Haiti’s President Jovenel Moise sits with his wife Martine during his swearing-in ceremony at Parliament in Port-au-Prince, Haiti, Feb. 7, 2017. Moise was sworn-in as president for the next fi ve years after a bruising two-year election cycle, inheriting a struggling economy and a deeply divided society. AP Photo/Dieu Nalio Chery

After the tragic assassination of Haitian President Jovenel Moïse there’s been a call for the United States to bring U.S. troops on the ground in the midst of this political chaos. Haiti remains without an elected leader, and the country faces poverty and violence. But due to the historical backdrop of American meddling in Haitian affairs and charges of American agencies involved in an apparent coup attempt, many are calling for America to take its hands out of Haiti’s affairs … and stay out.

President Joe Biden announced July 15 he would not honor Haiti’s interim government’s request for U.S. troops at this time.

“We’re only sending American Marines to our embassy,“ Mr. Biden said during a news conference. The idea of sending American forces to Haiti is not on the agenda.”

Mathias Pierre, Haiti’s elections minister, told The Associated Press that he believes the request for U.S. troops is relevant due to the country’s “fragile situation” and the need to create a secure environment for elections scheduled to happen in less than 120 days.

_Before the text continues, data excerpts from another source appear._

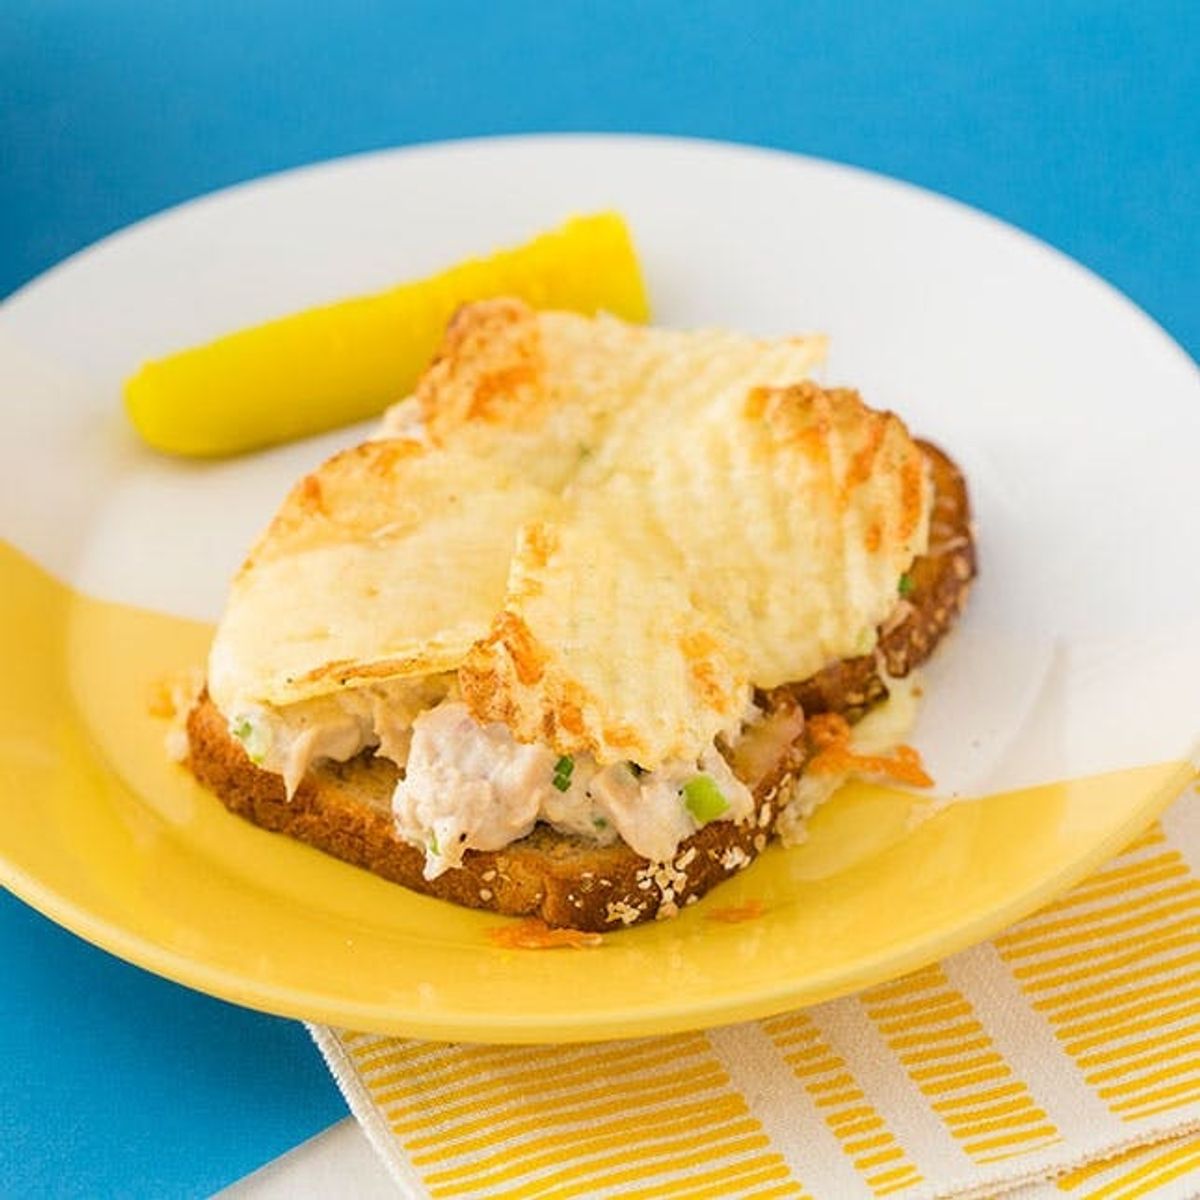 How to Make the Ultimate Open-Faced Tuna Melt
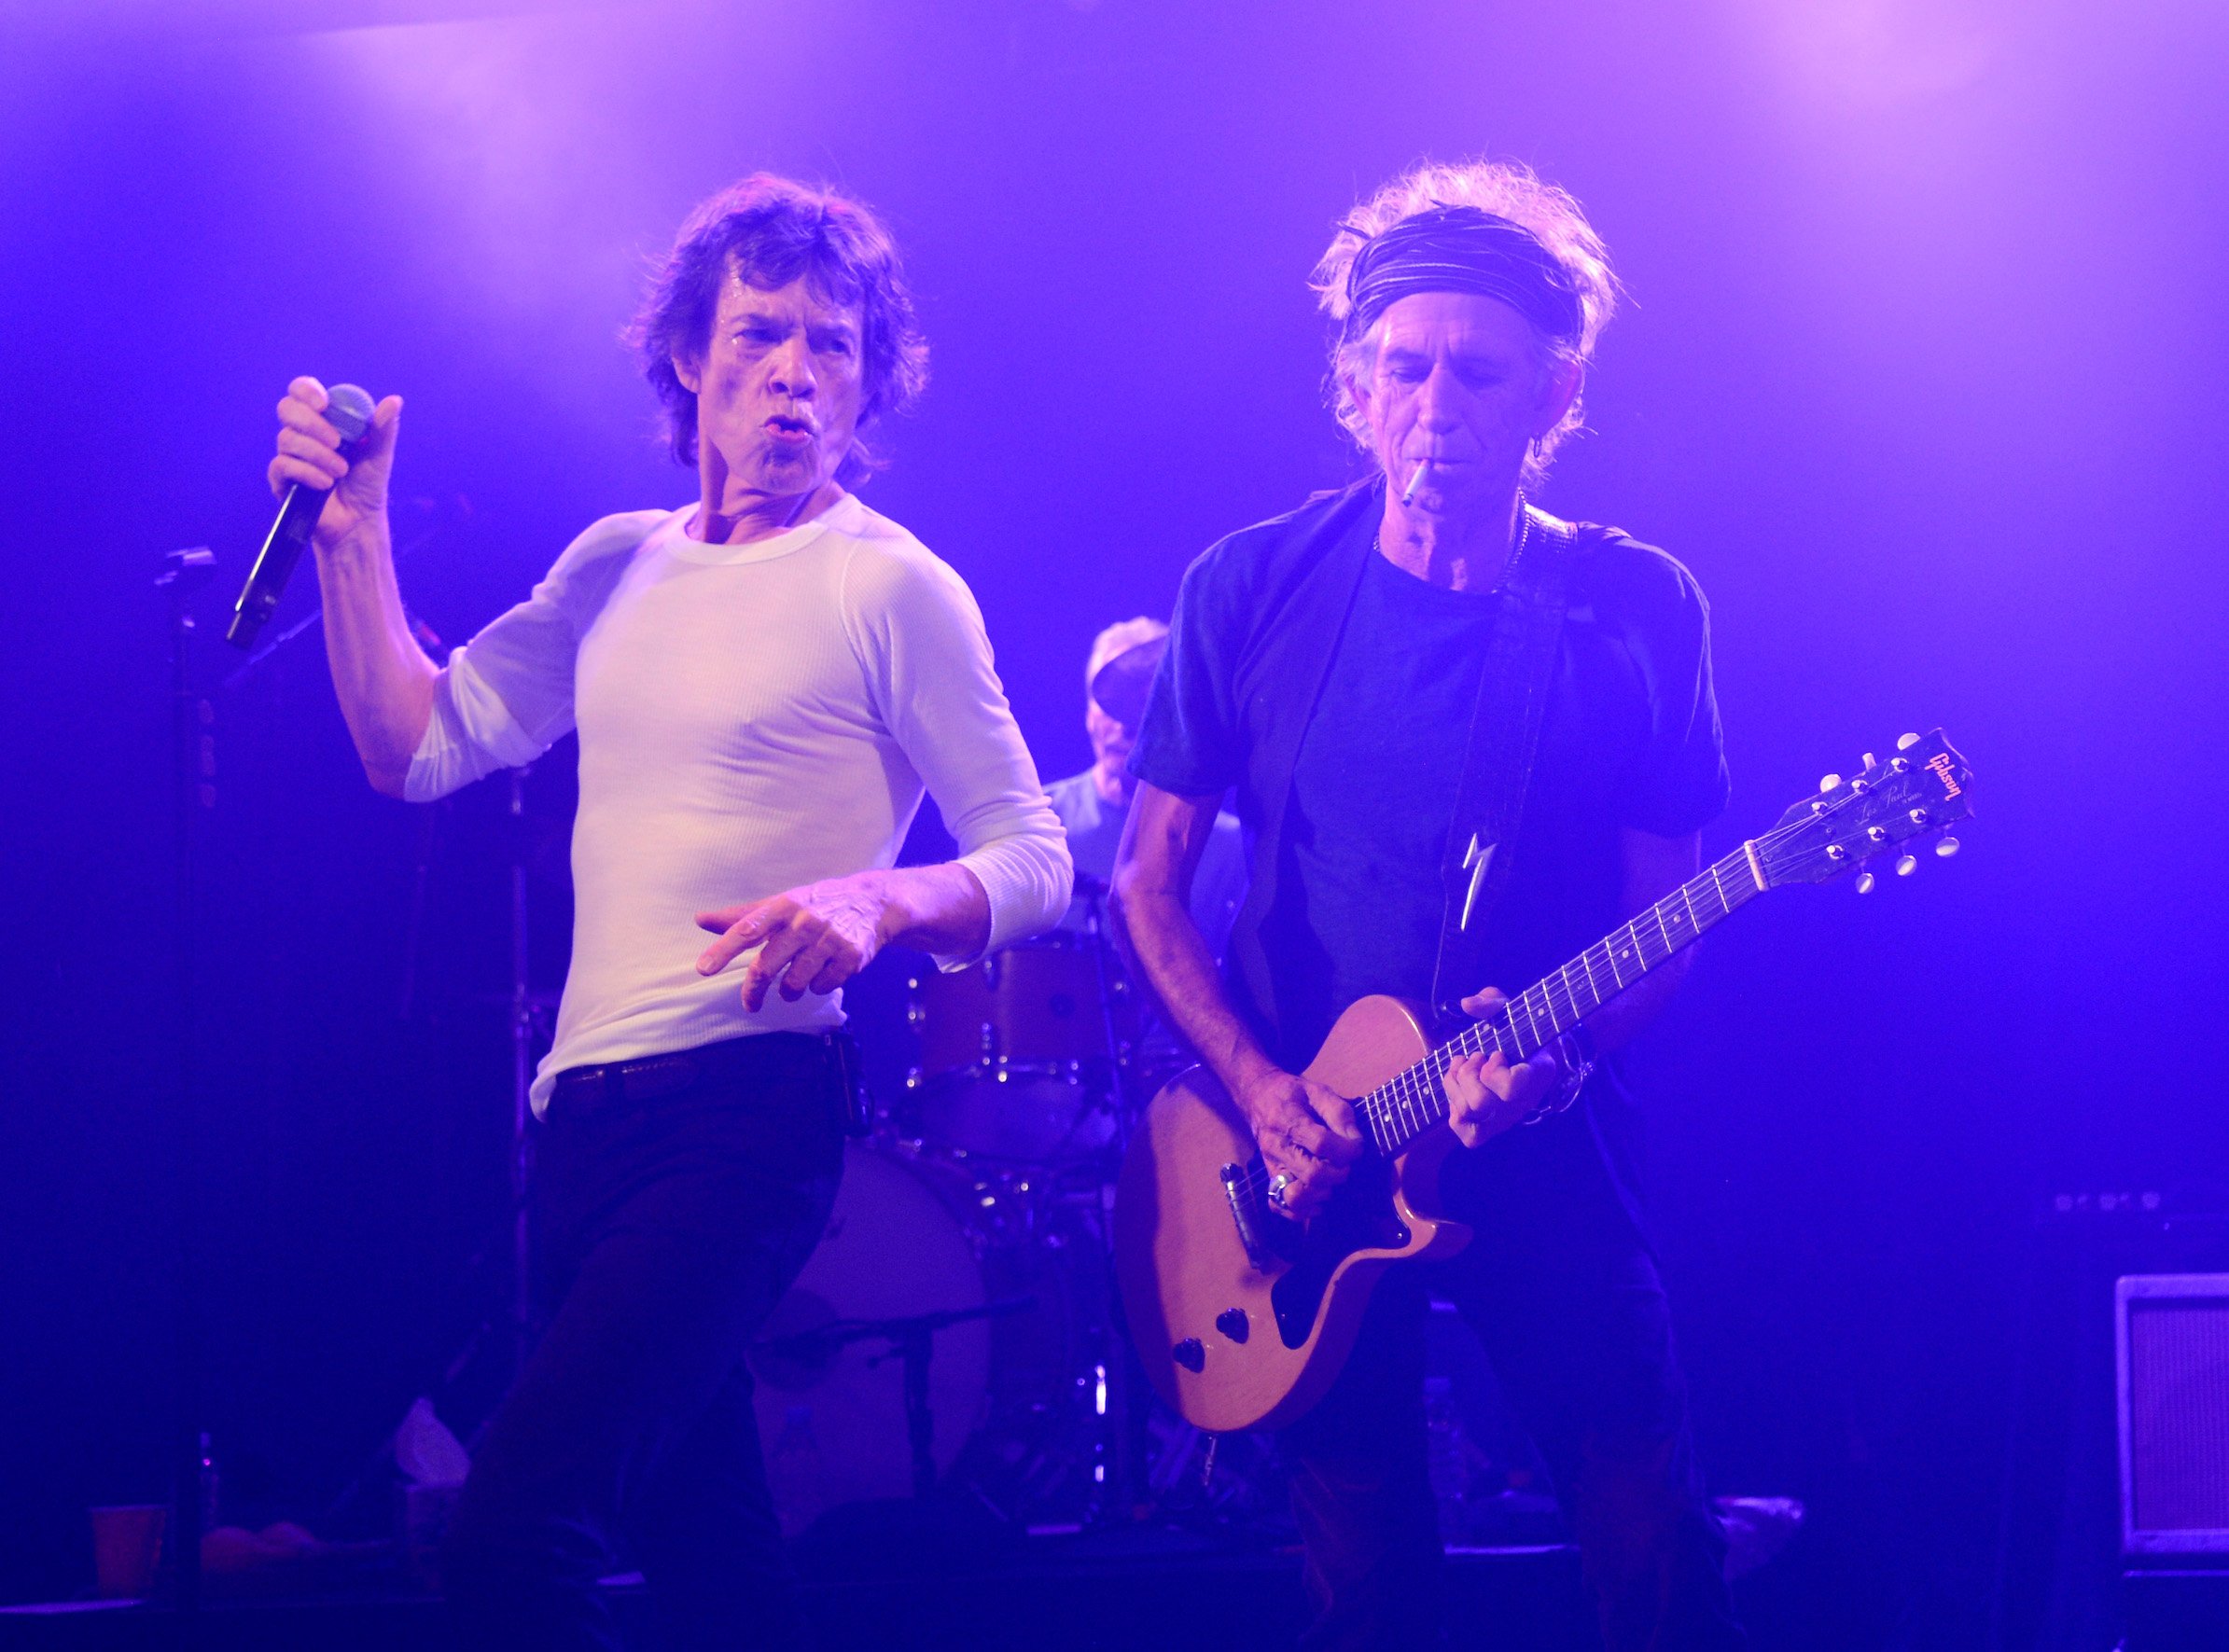 Mick Jagger and Keith Richards of The Rolling Stones perform at Echoplex in Los Angeles, California, in 2013
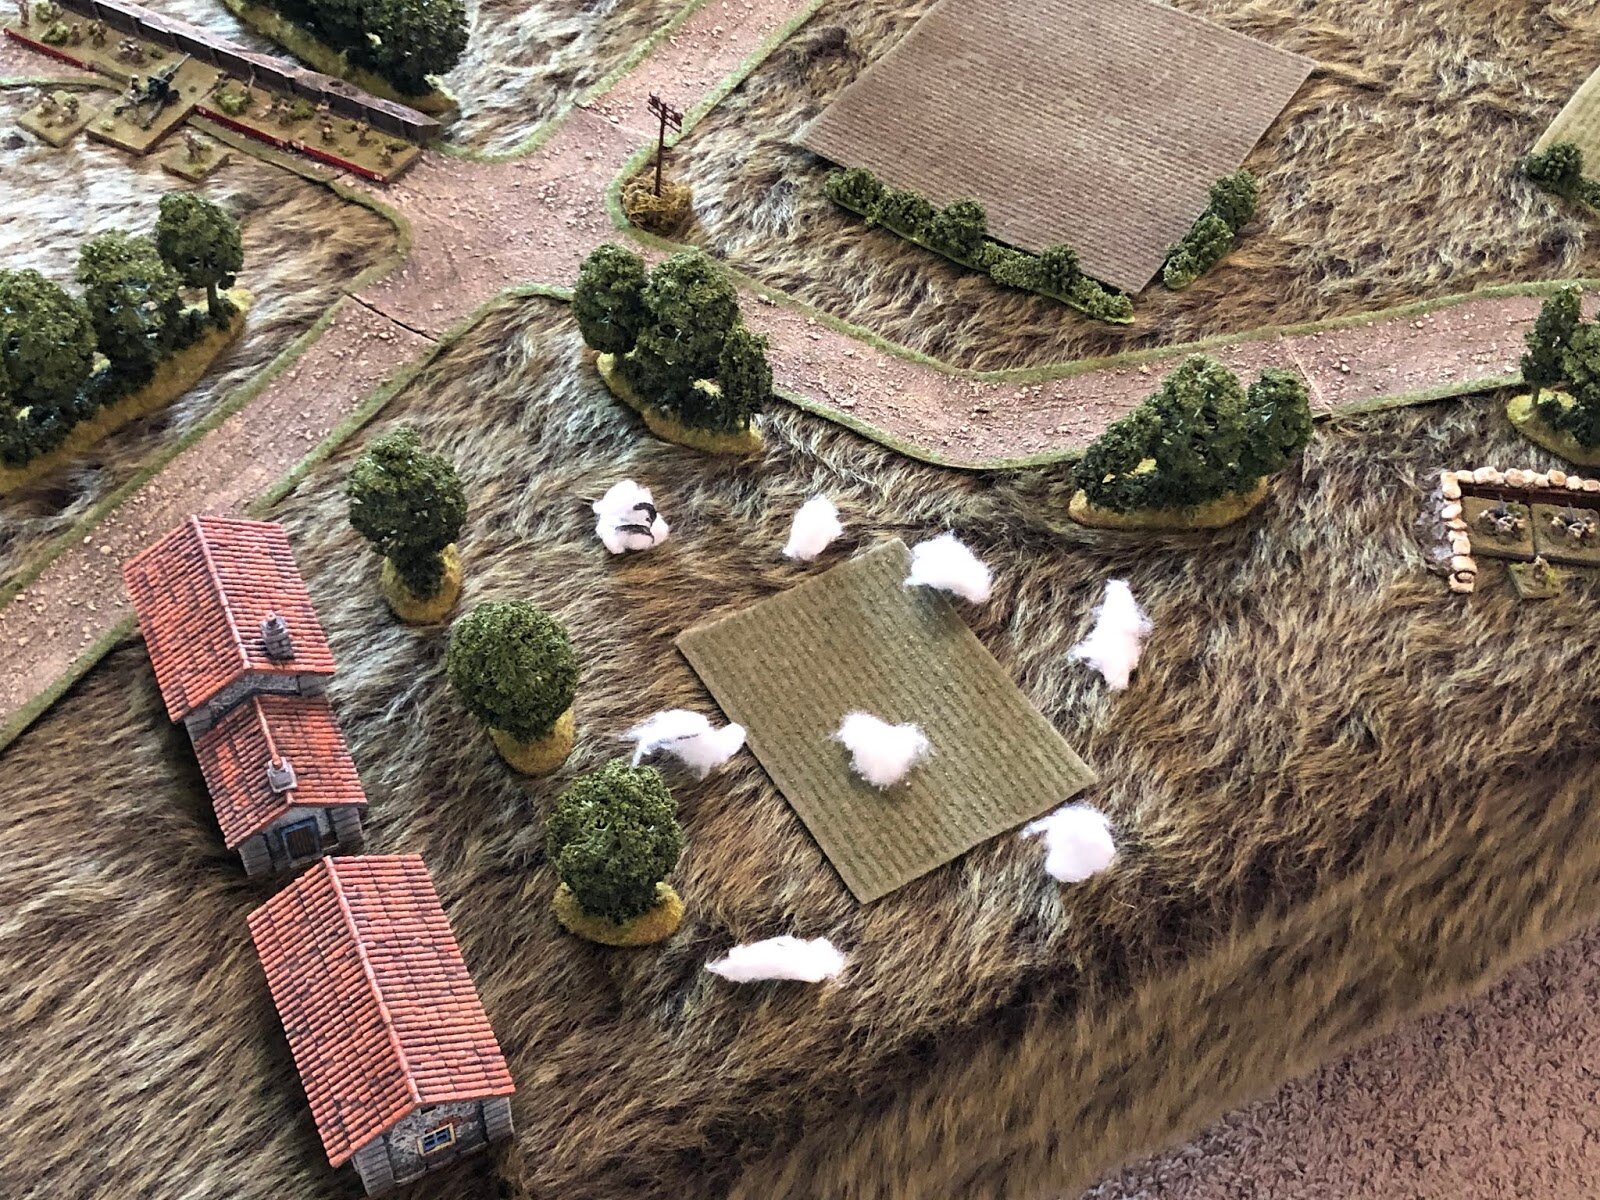 But they're a bit short, landing between the Collective Farm and the MG Platoon's position (far right, with Strongpoint Mila at top left).

He also said Mr. Biden’s comment that sending U.S. troops was “not on the agenda” still leaves the option open.


“This is not a closed door. The evolution of the situation will determine the outcome,” Mr. Pierre told The Associated Press. “In the meantime, the government is doing everything we can to stabilize the country, return to a normal environment and organize elections while trying to come to a political agreement with most political parties.”

But as the crisis unfolds, one thing has been consistent: Charges of U.S. involvement and acknowledgement of American ties, in different ways, with some of those accused of killing a president. Among the reports:

Reporter Matt Rivers said on Anderson Cooper 360 on CNN July 15 that Columbian officials at a press conference said alleged Colombian mercenaries’ mission was to arrest the president and “put him on display for the DEA.” The night of Mr. Moises’ killing, video captured an English voice saying it was a DEA raid and called for anyone at the president’s Port-Au-Prince home to stand down. Thirty-nine people have reportedly been implicated in the murder plot, including 23 ex-Colombian military men and two Haitian-Americans.

CNN disclosed several men arrested in connection with the assassination of President Moise were previously U.S. law enforcement informants. At least one of the men arrested in connection with the assassination worked for the Drug Enforcement Administration, the DEA told CNN. “At times, one of the suspects in the assassination of Haitian President Jovenel Moise was a confidential source to the DEA,” the agency said in a statement. “Following the assassination of President Moise, the suspect reached out to his contacts at the DEA. A DEA official assigned to Haiti urged the suspect to surrender to local authorities and, along with a U.S. State Department official, provided information to the Haitian government that assisted in the surrender and arrest of the suspect and one other individual,” the DEA said.

Other suspects also had U.S. ties, including working as informants for the FBI, sources briefed on the matter said. The FBI said in response to CNN’s reporting that it doesn’t comment on informants, except to say that it uses “lawful sources to collect intelligence” as part of its investigations, CNN said.

According to Al Jazeera, some of the ex-Colombian soldiers arrested in Haiti received United States military training in the past. “A review of our training databases indicates that a small number of the Colombian individuals detained as part of this investigation had participated in past U.S. military training and education programs, while serving as active members of the Colombian Military Forces,” Pentagon spokesman Lieutenant Colonel Ken Hoffman said in a statement.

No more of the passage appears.